The bill, introduced Tuesday in the state Senate, would make it a felony to harm a child under the age of 1 while intoxicated and sleeping in the same bed. If convicted, a defendant would face up to 25 years in prison.

Senate Bill 357 states that if an infant is harmed due to co-sleeping, the guilty party faces up to six years in prison. If an infant is severely harmed, the defendant faces more than 12 years.

The bill is sponsored by Sen. Alberta Darling, R-River Hills. It was referred to the Senate’s Health and Human Services Committee, which is chaired by the bill’s co-sponsor, Sen. Leah Vukmir, R-Wawautosa.

Darling did not immediately return a phone call Wednesday.

The sponsor of the bill’s Assembly version, Rep. Samantha Kerkman, R-Powers Lake, said it should be introduced there this week.

Though it’s possible the bill could result in increased prosecution, Kerkman said, the main goal is to provide prosecutors another tool for combatting co-sleeping deaths.

“I don’t want to see the statute used,” she said, “but by chance there is a circumstance that arises where facts of the case show that the parent did co-sleep with the child, it would be there as a tool for the DA to make that.”

But critics say there is nothing in the bill that would facilitate increased prosecution or clarify the issue.

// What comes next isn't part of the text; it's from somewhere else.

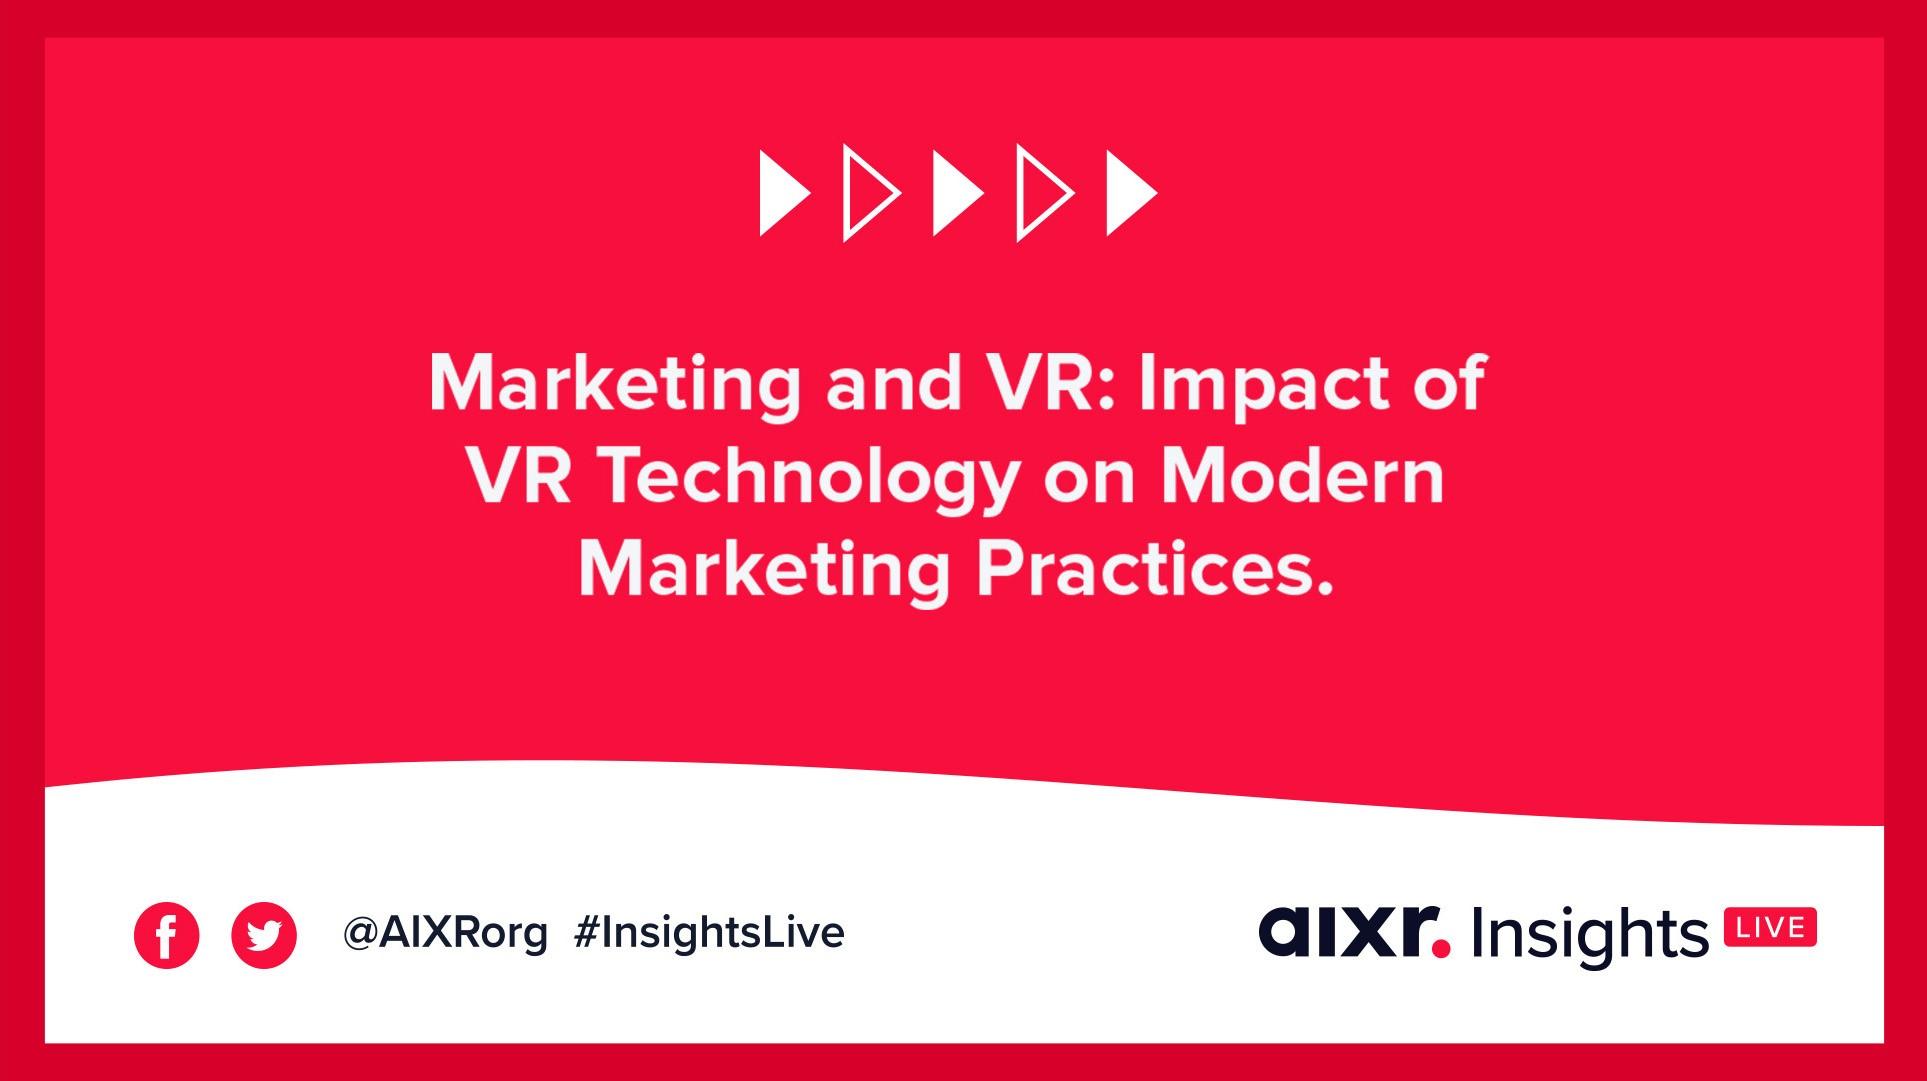 VR and Marketing AIXR Insights Live Webinar Banner

Anthony Cotton, an attorney with Kuchler & Cotton SC, called the bill “another tool for an agency that doesn’t need a tool.” Prosecutors already have a number of applicable charges, he said, from child neglect to reckless homicide.

Milwaukee County District Attorney John Chisholm has said prosecutors and investigators already have a protocol to investigate infant deaths and to determine whether anybody should be charged. More often than not, he said, nobody is charged.

Adam Gerol, president of the Wisconsin District Attorneys Association and the district attorney in Ozaukee County, said the criminal negligence portion of any charge involving co-sleeping is difficult to prove. If the situation involves intoxication, he said, that often means testing suspects hours after the death – when they wake up – and after most alcohol has been metabolized.

“Short of a confession, we’re left with very little at that time,” Gerol said, adding that his organization has not yet taken a position on the bill.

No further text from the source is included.